● Data extract:
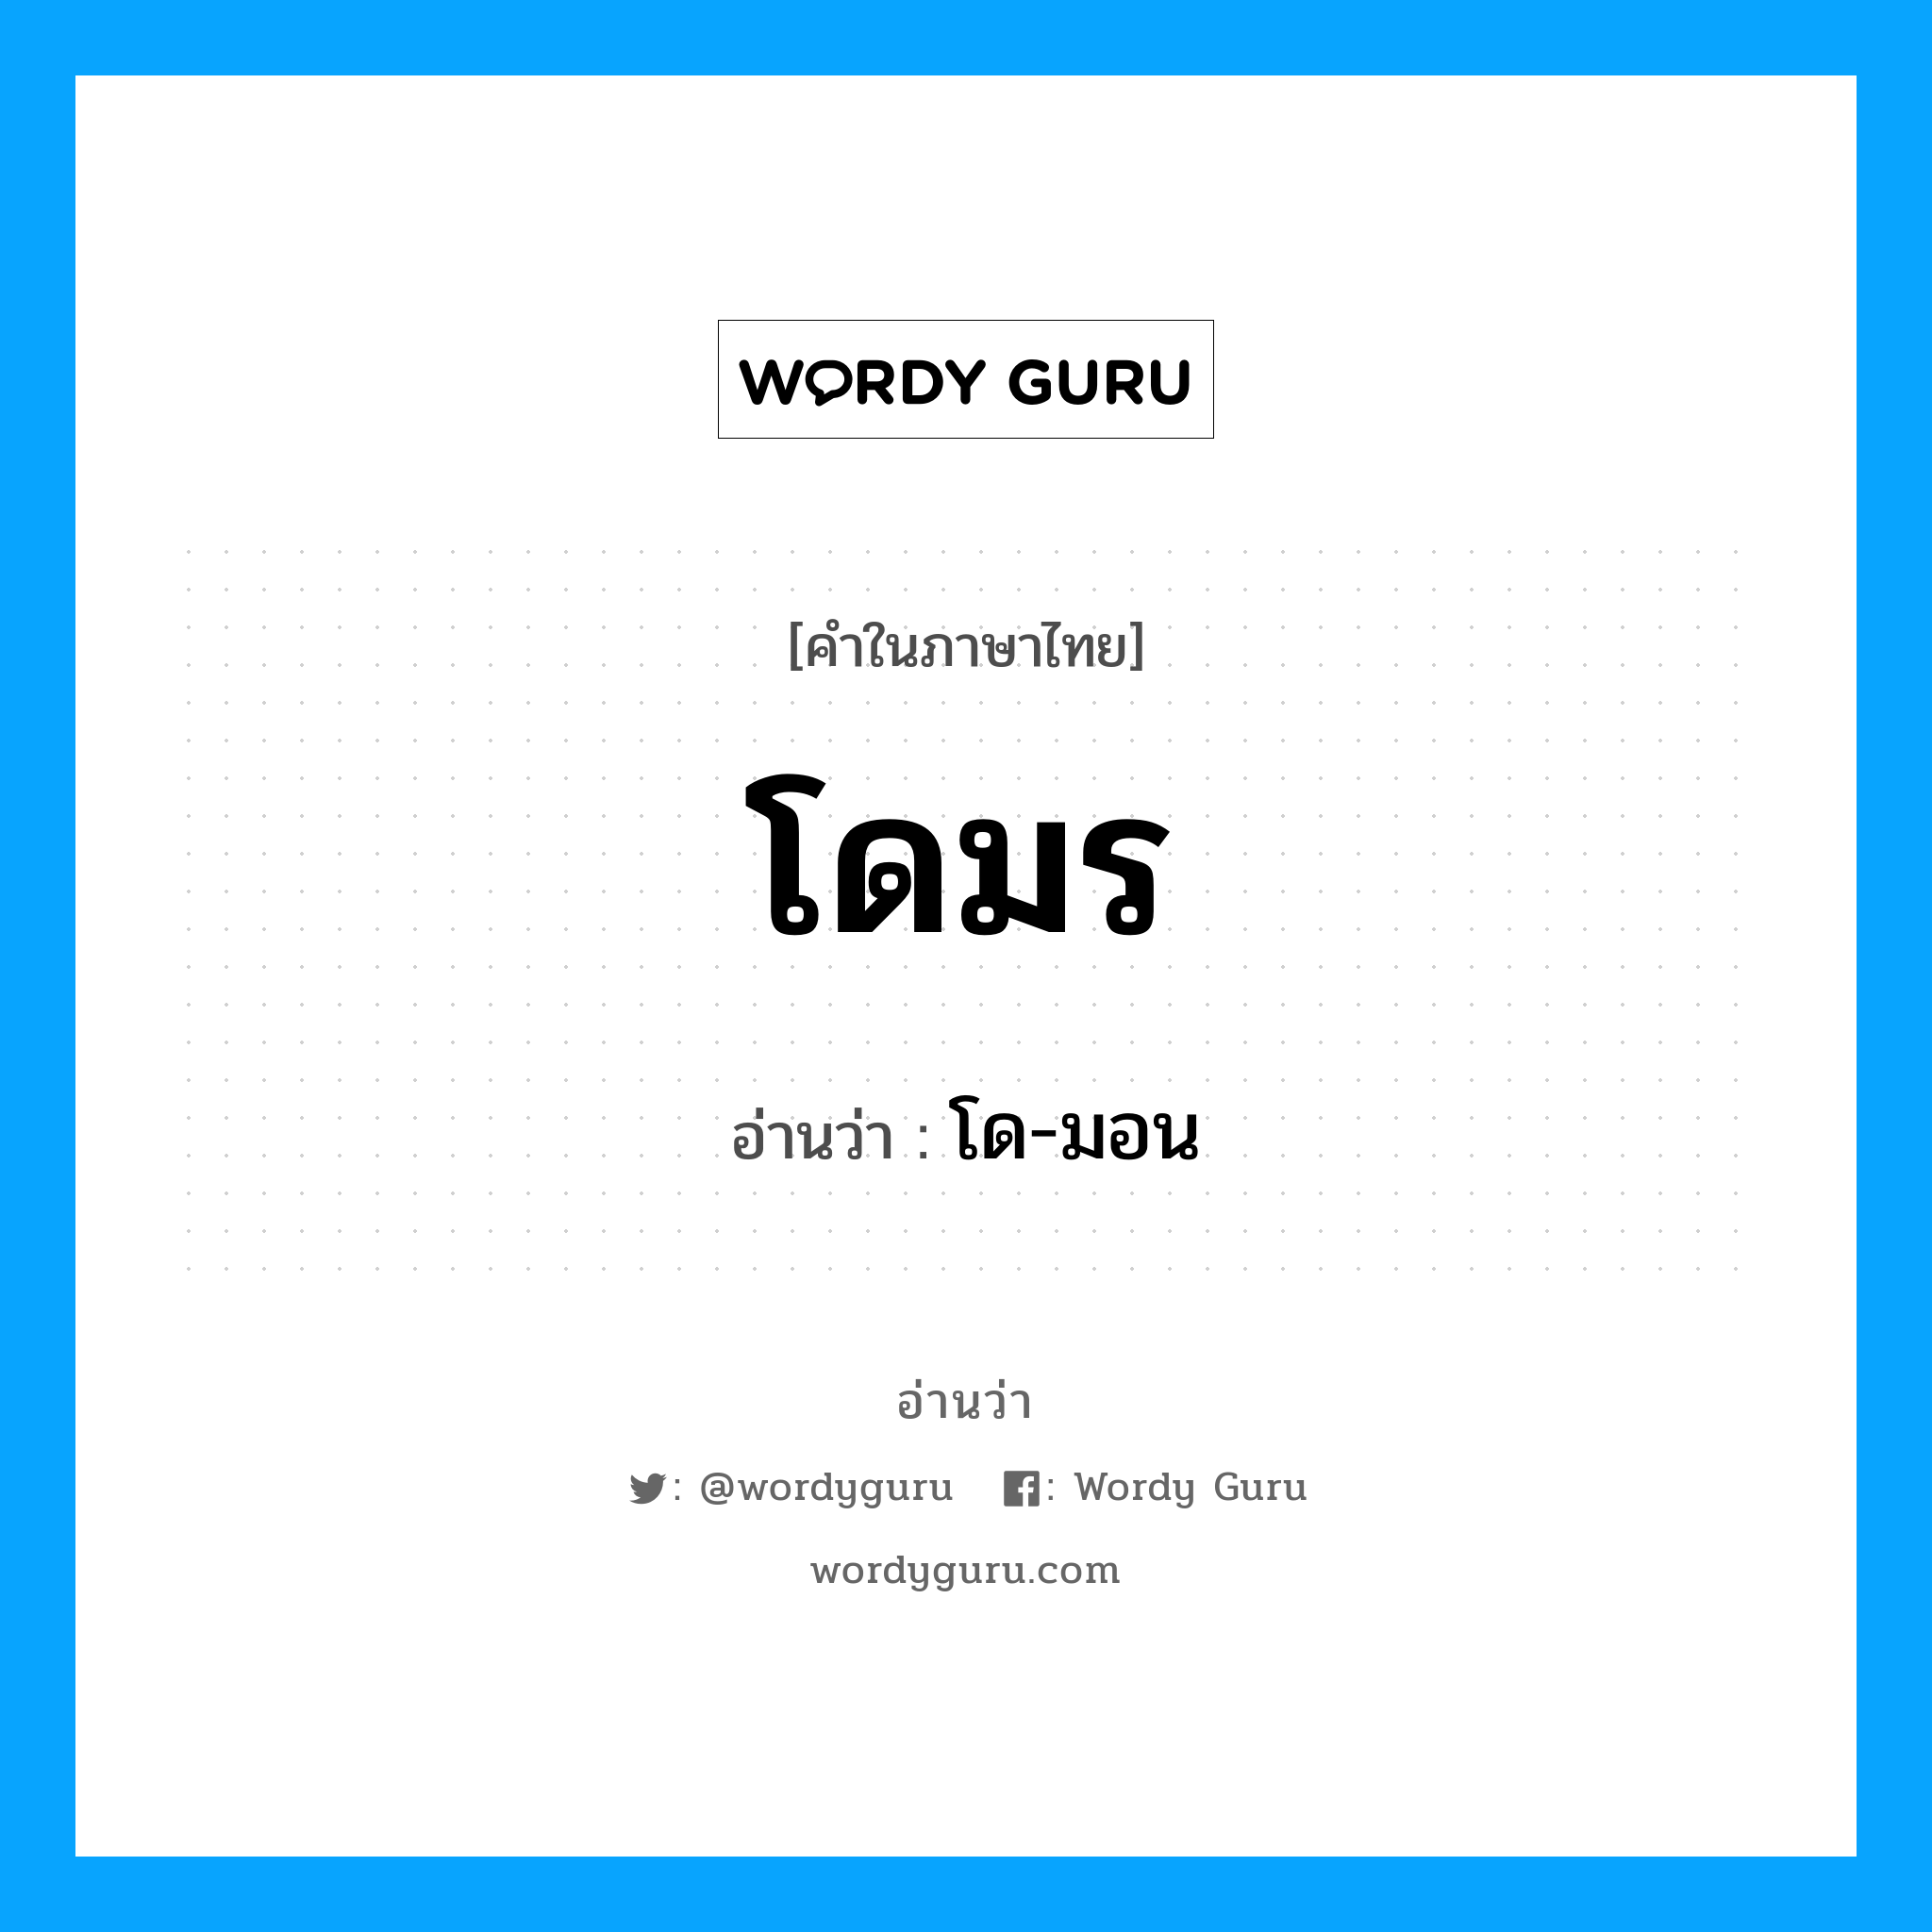 โด-มอน เป็นคำอ่านของคำไหน?, คำในภาษาไทย โด-มอน อ่านว่า โดมร
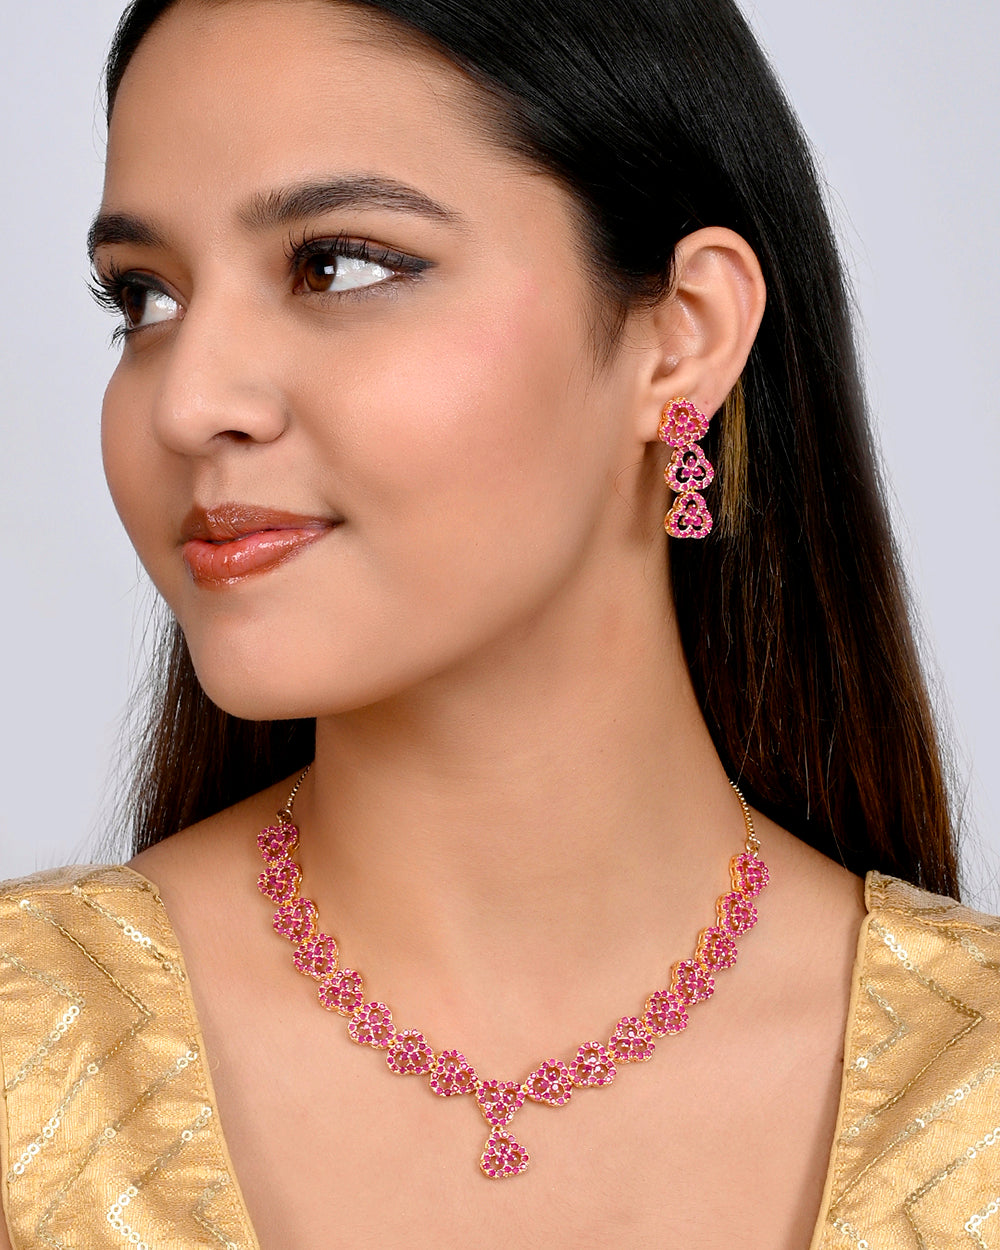 Women's Sparkling Essentials Pink Round Cut Zircons Cutwork Jewellery Set - Voylla
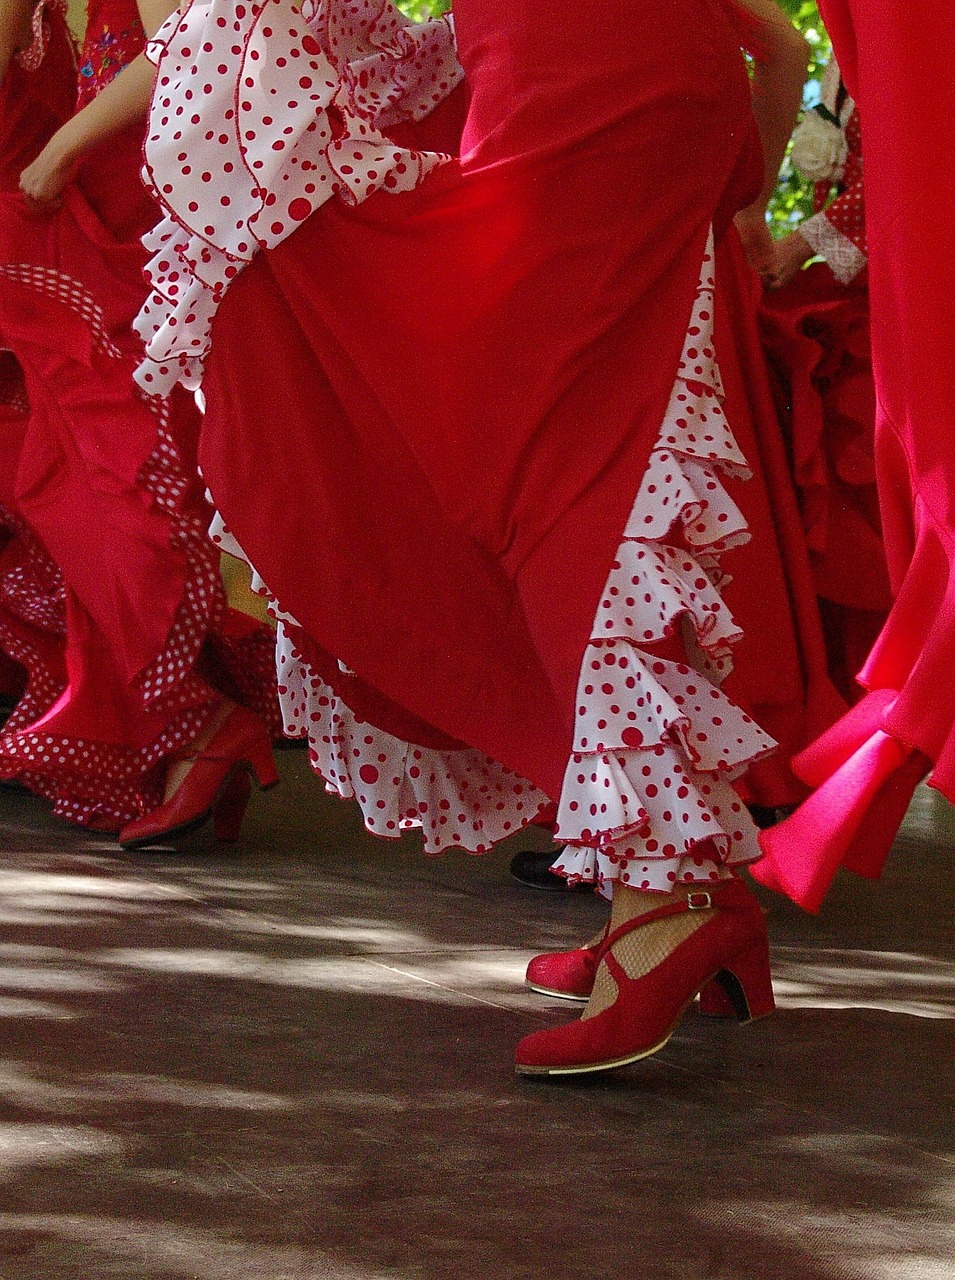 red skirts spanish free photo
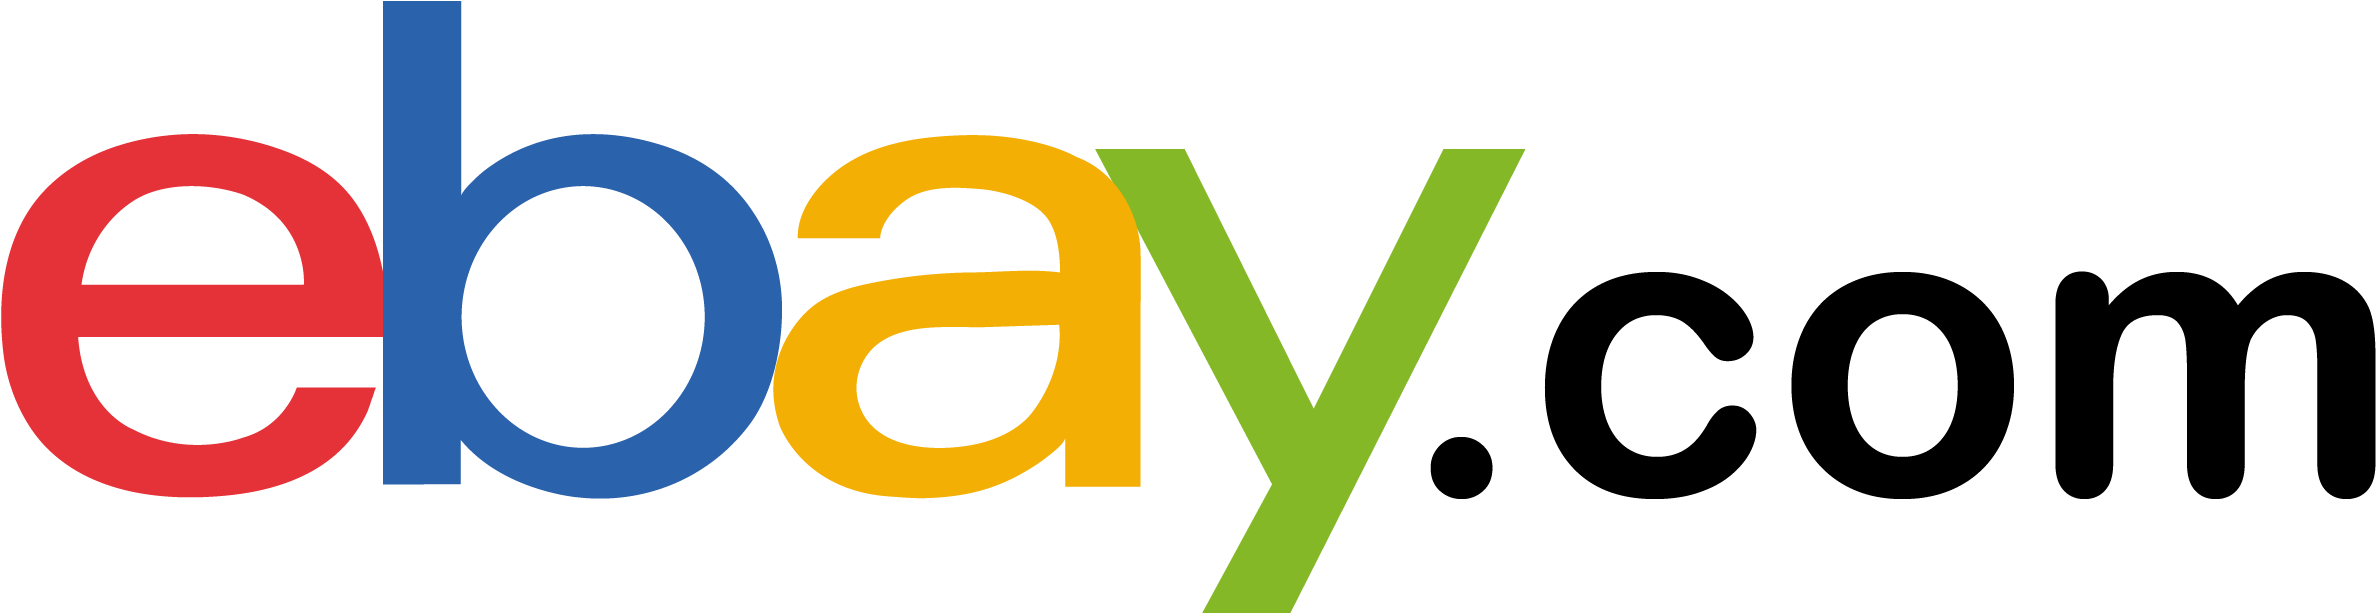 Immagine Trasparente PNG logo eBay

● Work instruction: The material above is to be output exactly, with each picture left out.

● Answer to this task:
 โด-มอน เป็นคำอ่านของคำไหน?, คำในภาษาไทย โด-มอน อ่านว่า โดมร
 Women's Sparkling Essentials Pink Round Cut Zircons Cutwork Jewellery Set - Voylla
 red skirts spanish free photo
 Immagine Trasparente PNG logo eBay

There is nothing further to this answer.